ZSH dotfiles how to manage | integration of variables/paths from bash | pitfalls

I did put my request here in the water cooler because I not really know where it would belong.
Would like to make the discussion here and not on Ask, because here we also have a audience with a wider range of knowledge and needs.

I saw a Video about dot-files and i was quite impressed to manage them on the fly and have them stored in a git repository while document the changes.

The bold link shows the Video on the position where

  • My first question came up
    I Asked my selves where to declare the mentioned paths/variables that I do have them available if I log in Wayland or X. Is there a way to “marrie” them, to have them available independent if I just use a shell without a DE, terminal app independent of Wayland or X. The author of the Video solved it for X on a Arch distribution:

The above mentioned path from the dotfile of the Author from the Video.

#XDG Paths

export XDG_CONFIG_HOME=$HOME/.config
export XDG_CACHE_HOME=$HOME/.cache
export XDG_DATA_HOME=$HOME/.local/share

# zsh config dir
export ZDOTDIR=$HOME/.config/zsh

I tried to test, but I realized very fast, that this gives a big mess while re-login after every change and sometimes also needed to restart.

By the way I made some more searches and also got the article in the Fedoramagazine

My difficulties so far I already related in Ask.
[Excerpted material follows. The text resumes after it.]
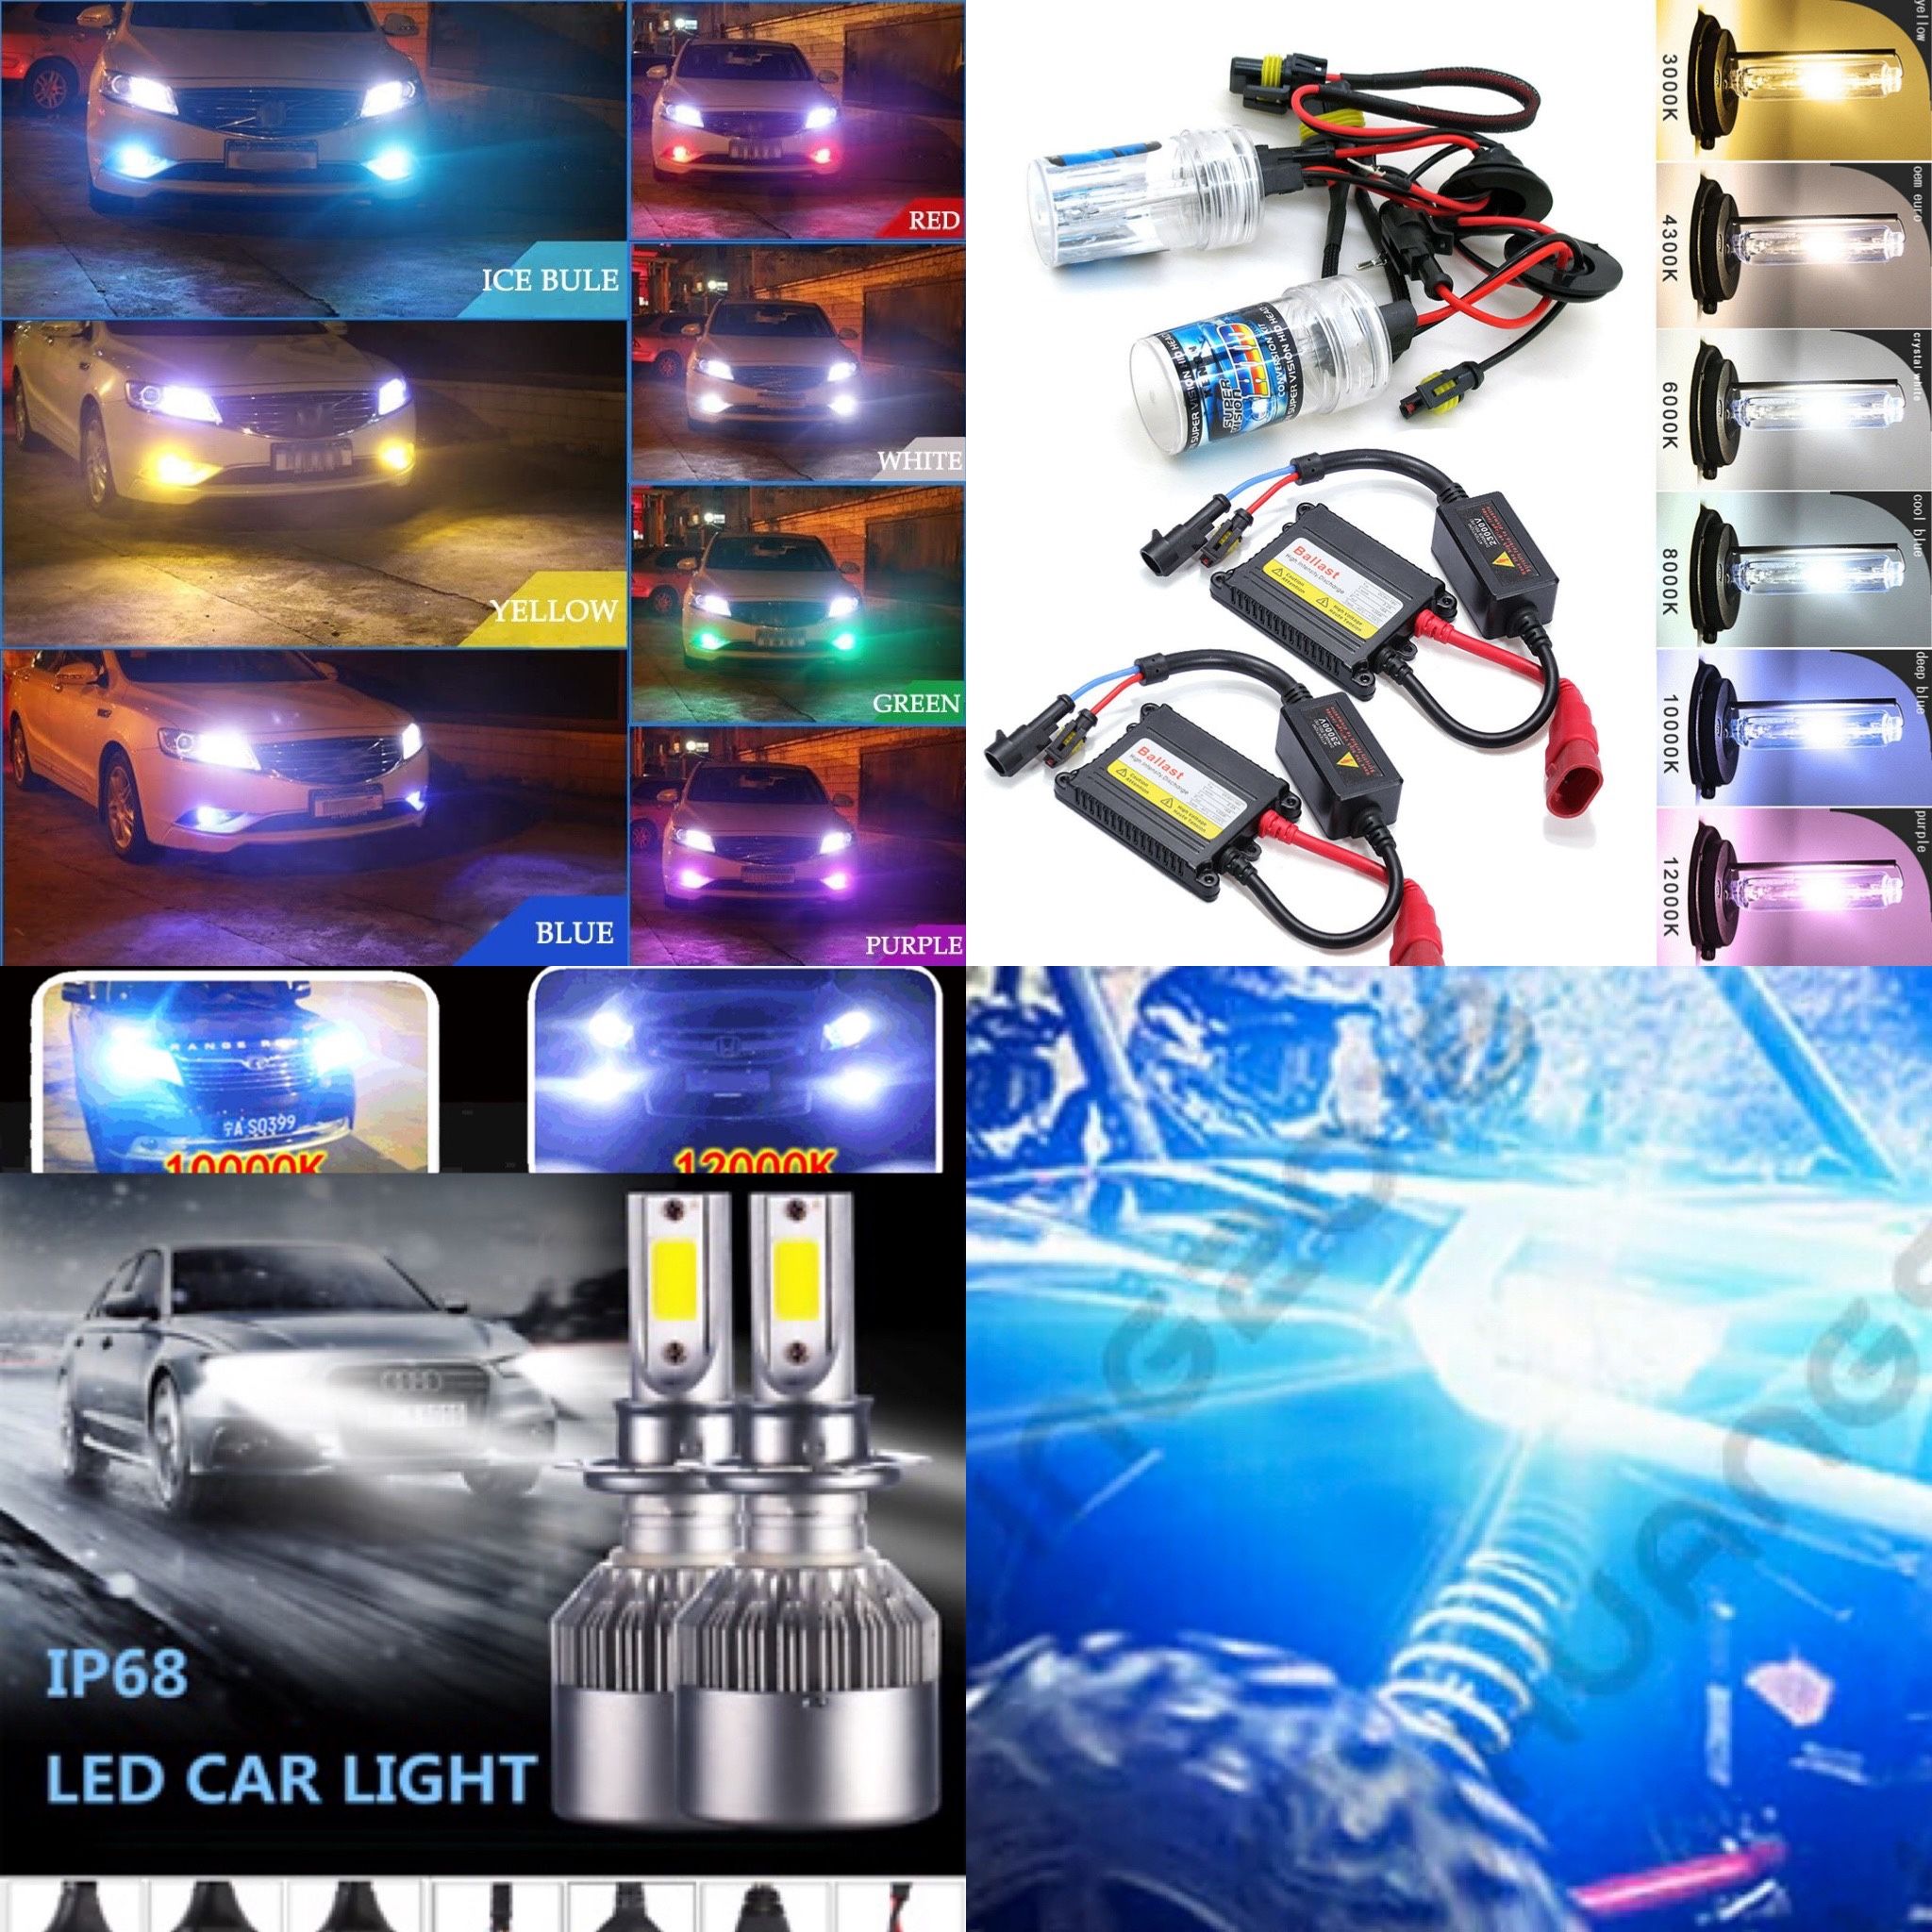 Led Headlight Bulbs - Hid Lights Kit - Any Color Blue White Purple Any Bulb - Lincoln Town Car To Chevy Silverado To Civic Colorado Truck Car Bike H11
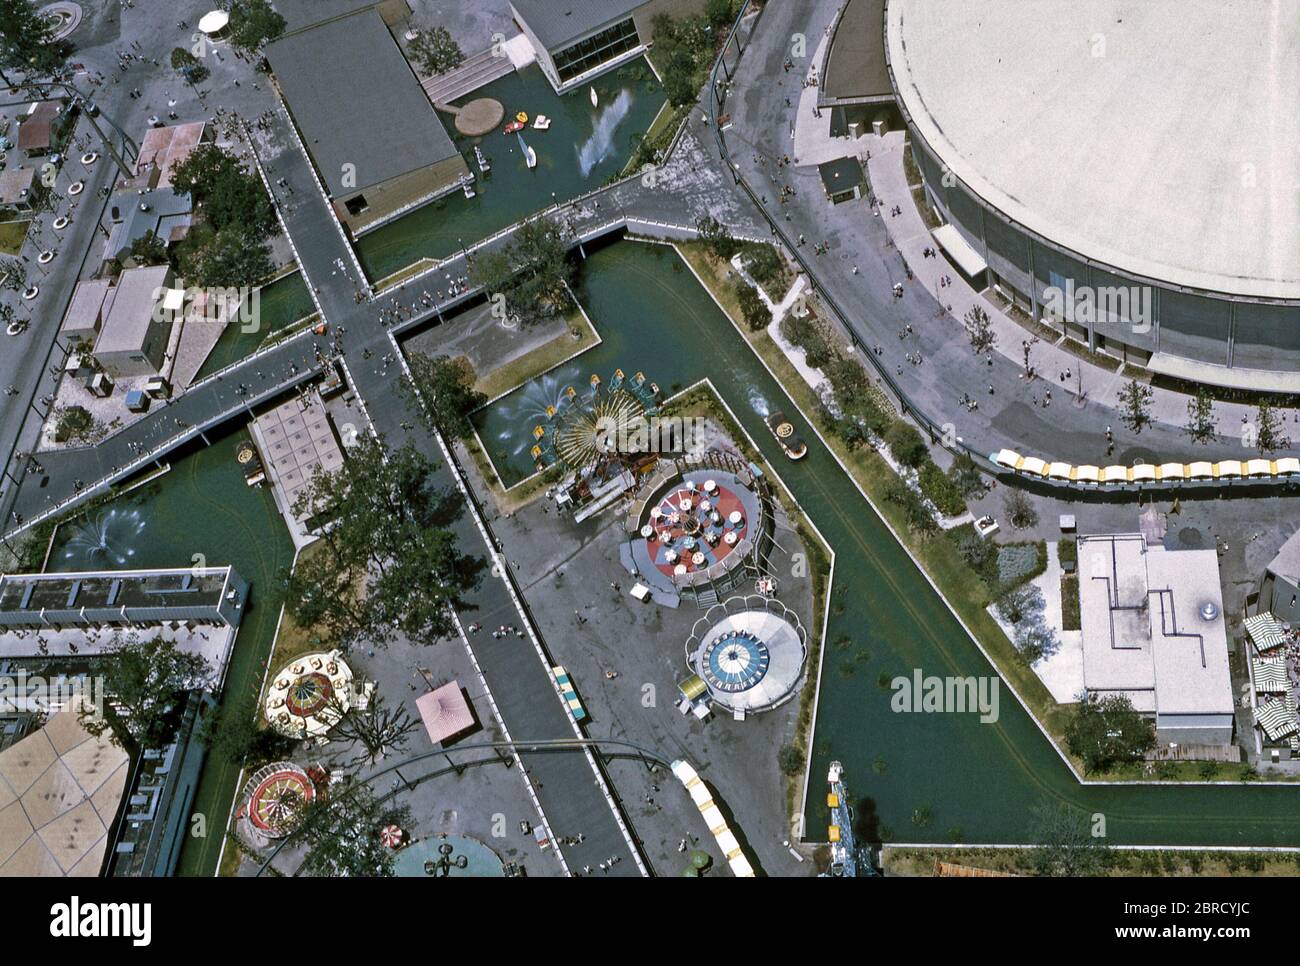 An overhead view of 'HemisFair '68', an official World's Fair (Expo or International Exposition) held in San Antonio, Texas, USA in 1968. The photograph was taken from The Tower of the Americas. The waterway system with boats on snakes through the site as do two 'Mini-Monorail' trains. The HemisFair Arena is top right. Stock Photo

If you have some solutions ready for it, you could relate it there.

The objective here would be to have a “Brainstorming” how to achieve it while working in Wayland and X.

Note that commands like that work very well for the running terminal but only last as long as that terminal is open & in use. Export puts the value into the current environment but not into the system as a whole when run from a cli.

For those kinds of things to always be effective system wide for a user when that user logs in, opens another terminal window, etc. they need to be inside a script that is activated when the user logs in. Either /etc/zprofile, or $HOME/.zprofile for non-terminal gui environments, or /etc/zshrc or $HOME/.zshrc for terminal logins & terminal windows.